In America, prior to Dobbs v. Jackson, the abortion question was never settled democratically but was instead a result of judicial fiat, meaning that the pro-life movement never accepted the legitimacy of the outcome because it seemed foisted upon the country by unelected, and arguably unrepresentative, judges.
In Europe, on the other hand, there were ferocious political debates over abortion in the 1970s and 80s, which resulted in a new status quo in which abortion would be widely available within certain limits. While pro-lifers across Europe today obviously dissent from that arrangement, they don’t fundamentally question its democratic legitimacy, nor do they harbor many illusions about what would be likely to happen should it come up for a vote again.
In Italy, for example, a law permitting abortion without restrictions during the first 90 days of a pregnancy, and in cases of threats to the life or health of the mother thereafter, was adopted in May 1978 after a contentious parliamentary debate. Known as “Law 194,” it also provides for conscientious objection, so that no health care worker can be compelled to participate in an abortion. (According to some estimates, up to 70 percent of gynecologists in the country decline to perform the procedure.)
Two popular referenda held on May 17, 1981, challenged the new law. One, proposed by Italy’s Radicals and the Communist Party, sought to eliminate all restrictions on abortion, while the other, backed by social conservatives and the Catholic Church, wanted to re-criminalize abortion. The former was shot down by 88 percent of Italian voters, while the other was rejected by 68 percent.
When the dust settled, it seemed clear to Italians that the people had spoken: Abortion would be legal, within certain limits, but no one would be forced to participate. In the forty years since the referenda, the saying la legge 194 non si tocca, “don’t touch the abortion law,” has become a political mantra for left, right and center alike.
So far, there seems little evidence that the landmark ruling in the United States is likely to have much effect in altering these European realities.
In France, the head of President Emmanuel Macron’s party has introduced a bill to enshrine respect for abortion rights into the French constitution, and even the leader of the far-right National Rally party, Marine Le Pen, has said she has no intention of challenging existing abortion laws.
In Italy, Giorgia Meloni, leader of the right-wing Fratelli d’Italia party, said in response to Dobbs v.
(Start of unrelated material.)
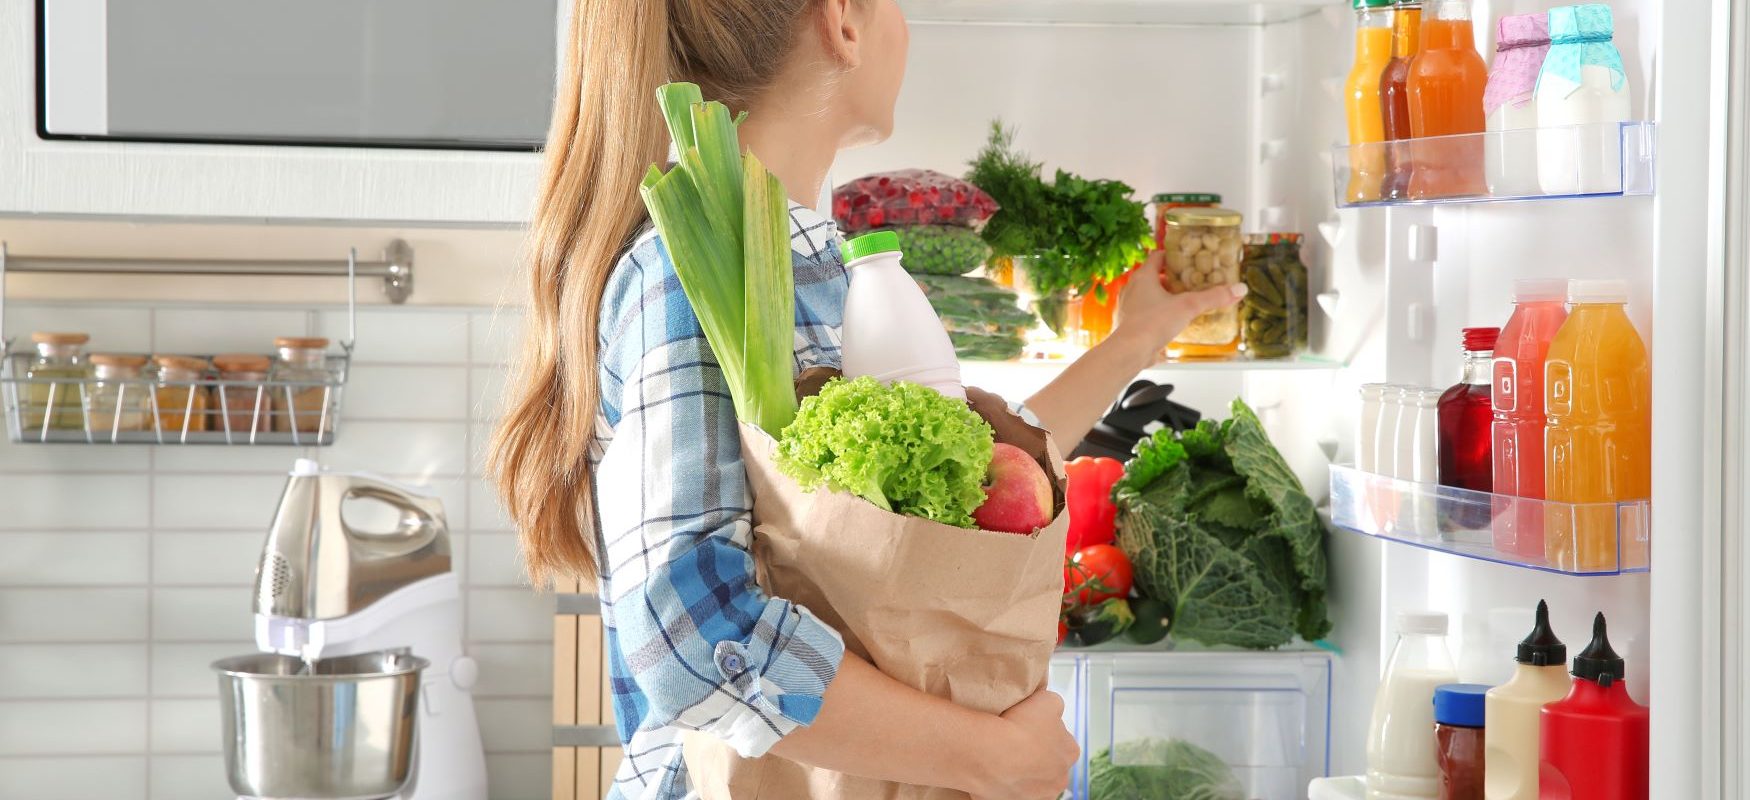 Jak nie marnować jedzenia? Nurt zero waste w kuchni. Kobieta wkłada zakupy do lodówki.

Jackson that the situation in Italy is “light years removed” from the U.S.
“Here, the voluntary interruption of a pregnancy is permitted not by a court decision, but a law voted on by parliament,” Meloni said, indicating no appetite to challenge that decision.
Her fellow conservative leader, Matteo Salvini of the far-right Lega party, has said that he’s personally pro-life but that “the final word on abortion belongs to women, and no one else.”
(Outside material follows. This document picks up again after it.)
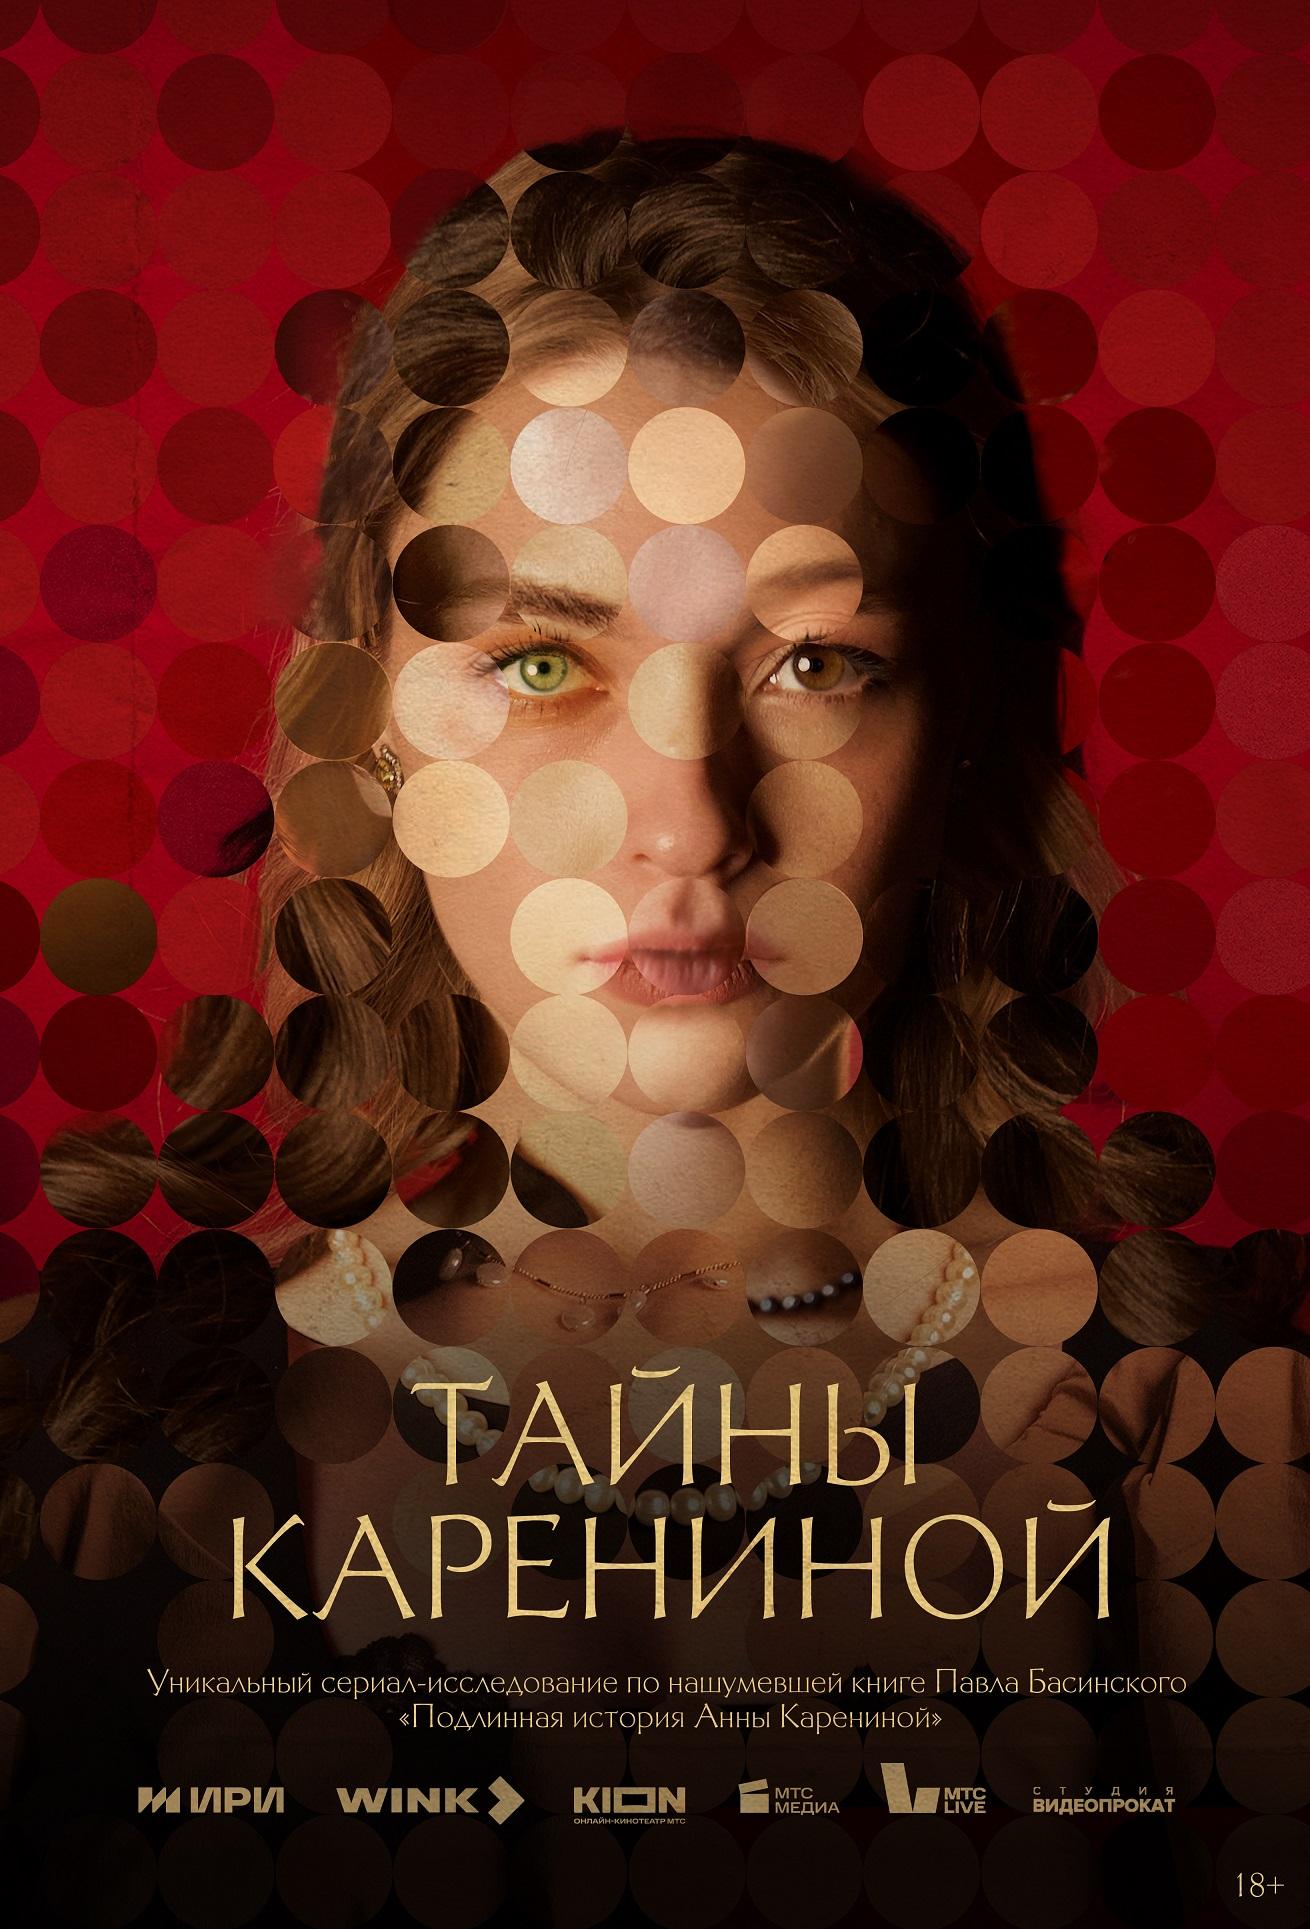 Фото Смотреть нельзя читать: к премьере сериала «Тайны Карениной» на Wink.ru и KION выйдет специздание книги Павла Басинского 2

Germany, where abortion technically remains illegal but is widely permitted within the first 12 weeks of pregnancy, recently scrapped a Nazi-era law that prohibited doctors from providing details on the abortion procedures they offer. There seems no serious push to change the basic contours of the country’s abortion policy from either side of the political aisle, in part because most polls show it would be a losing proposition.
In the immediate wake of the Dobbs ruling, most short-term forecasts are for tremendous political storms in the United States over abortion, beginning with the midterm elections this fall. Perhaps the lesson of Europe, however, is that such turbulence, however fraught and painful, is the price that must be paid to achieve a rough social consensus down the line.
Perhaps in some future trans-Atlantic Catholic summit, American and European Catholics will find their differences on abortion less pronounced, because, at long last, the democratic system will have had its say in the US as well.